Peter Dutton demands immigration minister Andrew Giles resign as another person released from detention

Australia's immigration minister Andrew Giles
Immigration minister Andrew Giles hit back at Peter Dutton over the opposition leader’s attacks during question time. Photograph: Mike Bowers/The Guardian

Peter Dutton has called on the immigration minister, Andrew Giles, to resign, as fallout from the high court decision on indefinite detention continues with another release ordered by the federal court.

On Thursday the federal court ordered the government to immediately free the Iranian asylum seeker Ned Kelly Emeralds, who spent a decade in immigration detention, the first release ordered since the new high court precedent that indefinite immigration detention is unlawful.

In what he had earlier called a “particularly disturbing case”, Justice Geoffrey Kennett found Emeralds’ detention was unlawful because there was “no real prospect” of his deportation “becoming practicable in the reasonably foreseeable future”.

The ruling brings to at least 142 the number of people released as a result of the high court’s landmark NZYQ decision handed down earlier in November.

Bitter political fallout from that decision continued in question time on Thursday, with the opposition leader, Dutton, attempting to suspend standing orders to call on Giles to resign over the government’s handling of the NZYQ case.

Earlier in question time, Giles deflected a question about why the government conceded on 30 May it was impossible to deport NZYQ before attempts to deport him to six countries. Giles said only that the government had “vigorously defended” the case.

Dutton cited the 30 May concession in a list of what he said were Labor failings, arguing that fact was agreed “before all resettlement options were exhausted and led directly to the loss of the case”.

Dutton also incorrectly claimed that the high court’s reasons “made clear he was only required to release the applicant NZYQ”. This failed to acknowledge that the new constitutional limit on indefinite detention applied beyond the plaintiff NZYQ.

Giles responded that the decision “required the release of individuals in similar circumstances”. He said questions suggesting otherwise were “extraordinary”, quoting the former Liberal attorney general George Brandis to suggest the opposition was attacking the rule of law.

Earlier on Thursday the shadow home affairs minister, James Paterson, argued that not all those released were in the same circumstances, suggesting people convicted of lesser offences may have been able to be resettled and therefore did not need to be released.

The Emeralds result could prompt re-evaluation of the lawfulness of detaining a person in difficult cases where deportation is not possible but the government believes a lack of cooperation with authorities by the detained non-citizen is to blame.

Emeralds arrived in Australia by boat in 2013 and has been detained since that time.

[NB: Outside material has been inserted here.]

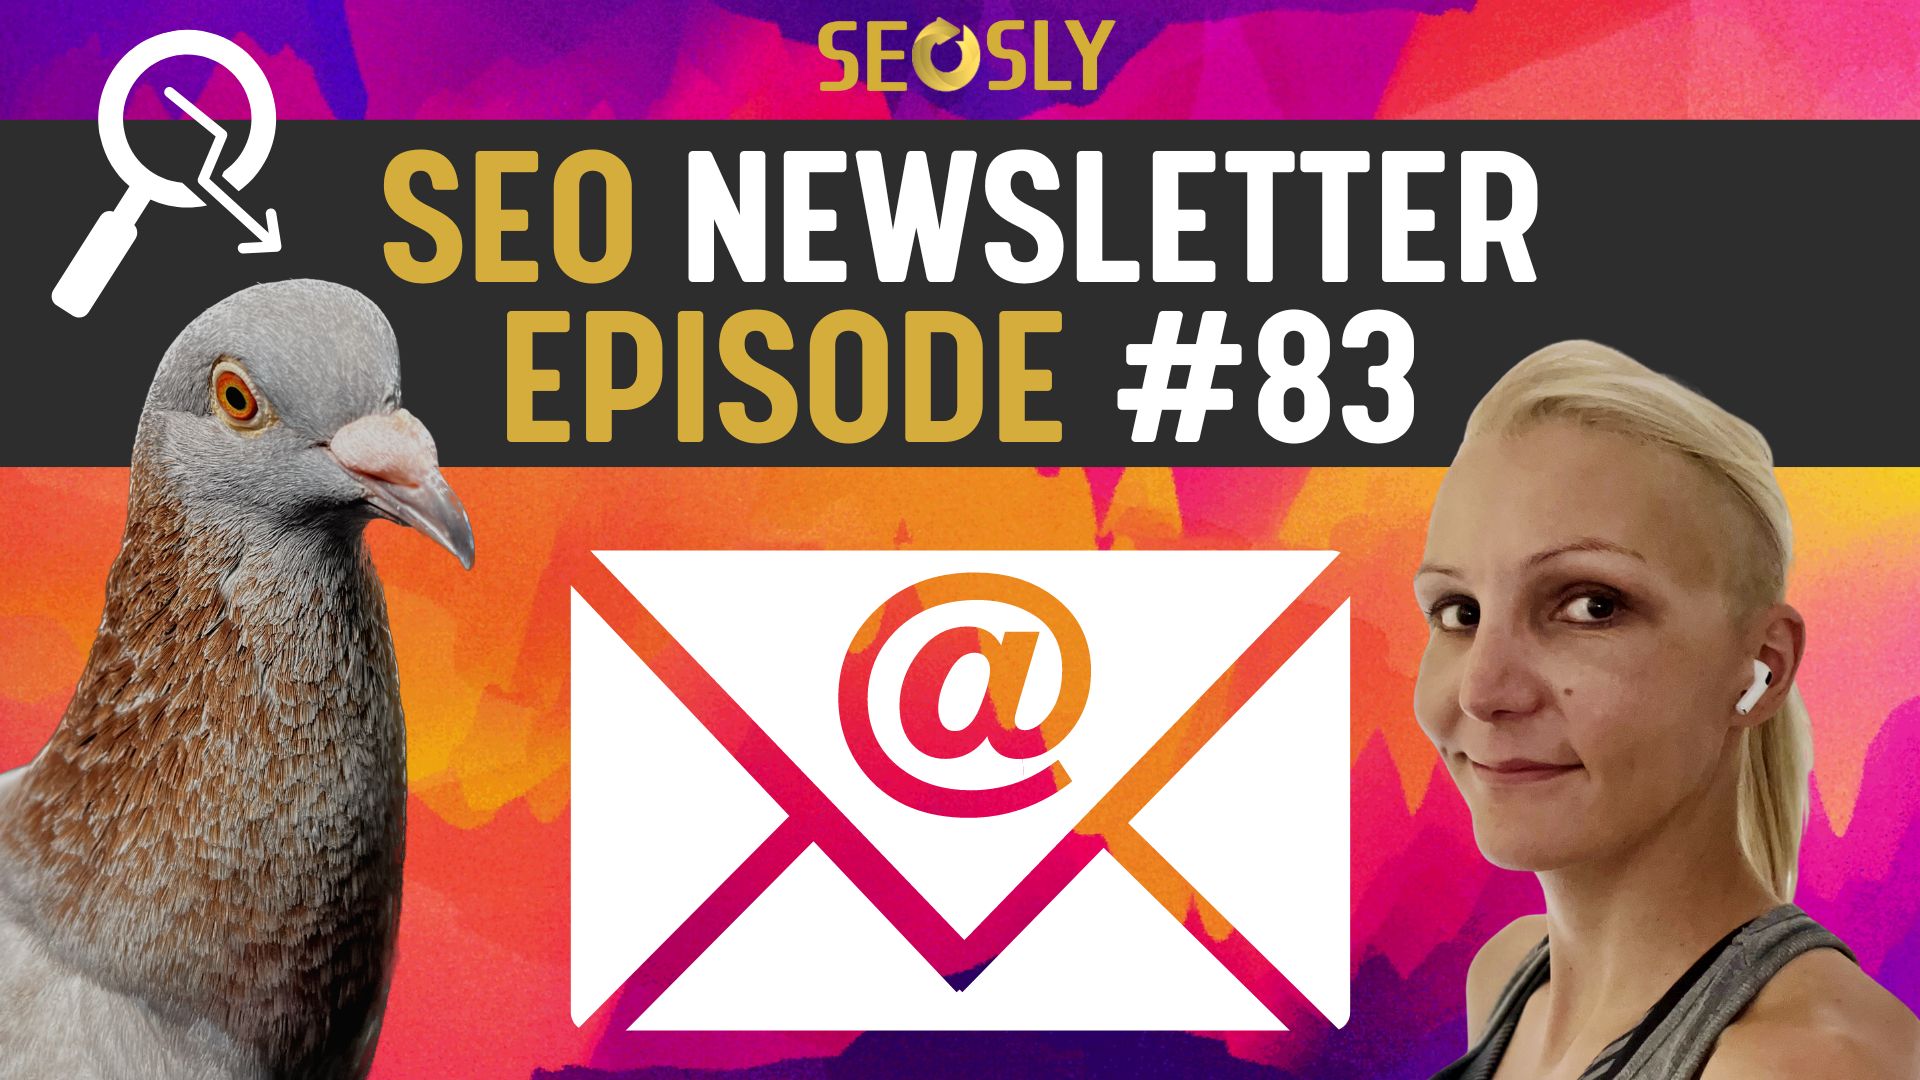 SEO Newsletter #83: *** & Fresh SEO News From Olga Zarr – SEOSLY
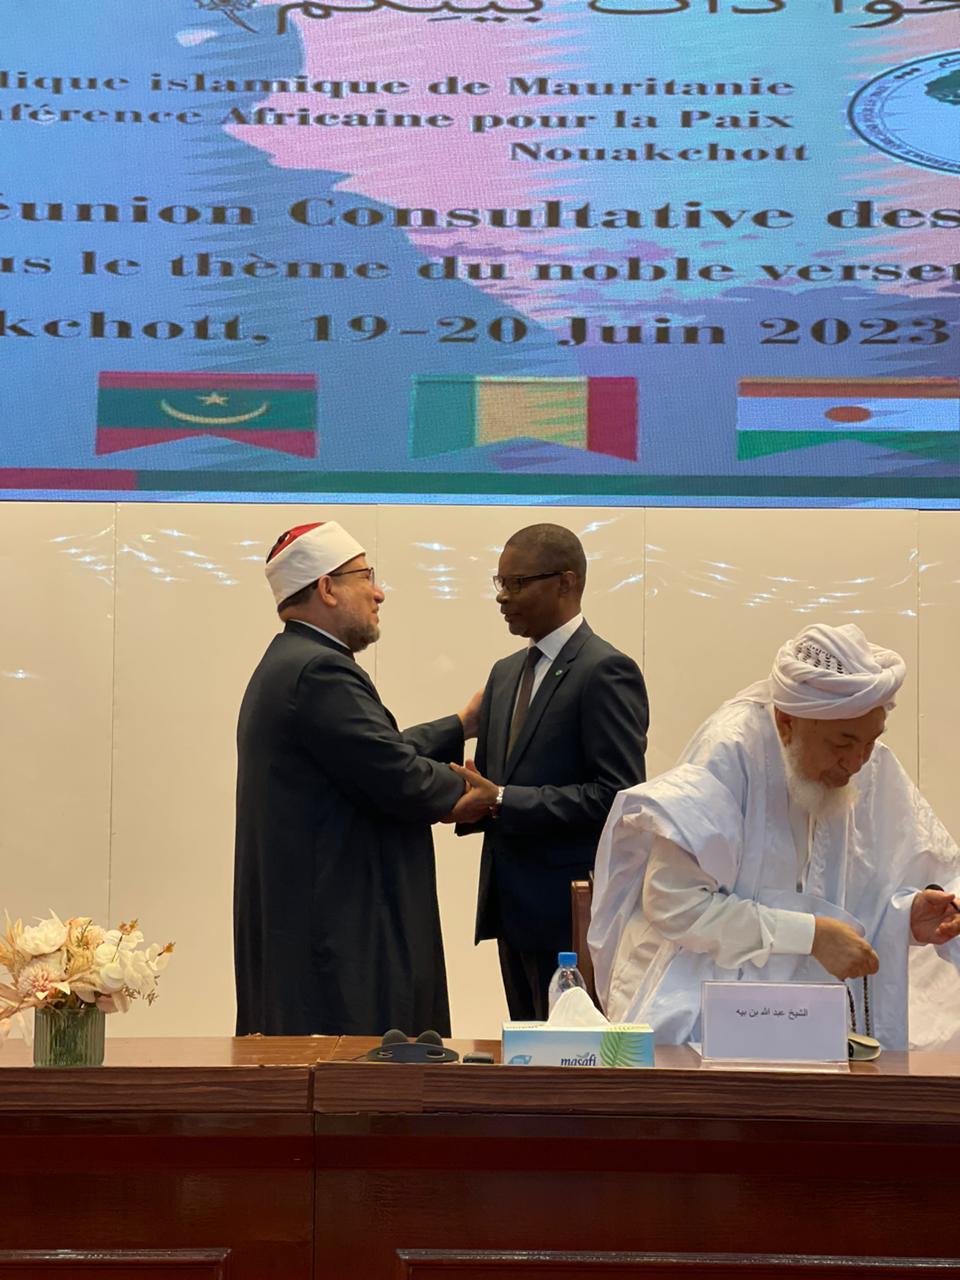  اللقاء التشاوري لعلماء الساحل والسودان الذي يعقده المؤتمر الأفريقي للسلم بالعاصمة الموريتانية نواكش

According to the Human Rights Law Centre, which represents him, Emeralds was detained while his protection visa application was being processed; he has not had a visa cancelled nor been convicted of a crime.

In 2016, Emeralds was found to be owed protection by one officer of the Department of Home Affairs. A second officer refused his application for a protection visa in 2018 on the basis he did not have a well-founded fear of returning to Iran.

During the 23 November hearing Kennett noted that “a decade is an extraordinary amount of time to spend in detention” notwithstanding that he had a visa application on foot. The application itself took an “extraordinarily long time to resolve”, he said. “It is a particularly disturbing case.”

Matthew Albert, Emerald’s counsel, told the hearing his client had tried to kill himself in detention, vowing: “I will not go back to be tortured and killed by a regime I despise.” In one incident in 2015 Emeralds injured his neck, after which he was left mute.

Albert submitted that there was no real prospect of Emerald being deported: first, because he had no travel document after his Iranian passport expired; and second, because Iran has a policy of not accepting involuntary return, even of its citizens.

Greg Johnson, counsel for the commonwealth, said Emeralds was seeking to “ride on the coattails of the recent order” of the high court.

Johnson submitted that, unlike NZYQ, in which the impossibility of deportation was agreed by the parties, in Emeralds’ case this was in dispute because it might be possible to deport him if he met Iranian officials or gave them information to get a new travel document.

Emeralds had refused to cooperate with Iranian authorities because his parents and siblings are still in Iran and would be placed at risk if authorities knew he had sought asylum, Johnson said.

Kennett said Emeralds appeared to have an “entrenched state of mind” and the evidence suggested his “intransigence” was “completely genuine”.

Emeralds said: “Tonight I will sleep in my own bed. When I wake tomorrow, I will be able to decide where I go, what I do, who I see. This is basic freedom, it is something you and I share. I haven’t had this for over 10 years.

“Over 10 years ago, I came to Australia to seek protection from torture in my country, and instead I was tortured. I had no way to escape. I could not go home, and the government chose not to release me. Nobody should be asked to choose between their life and their freedom. What happened to me should not have happened, and it should not happen to anyone else.”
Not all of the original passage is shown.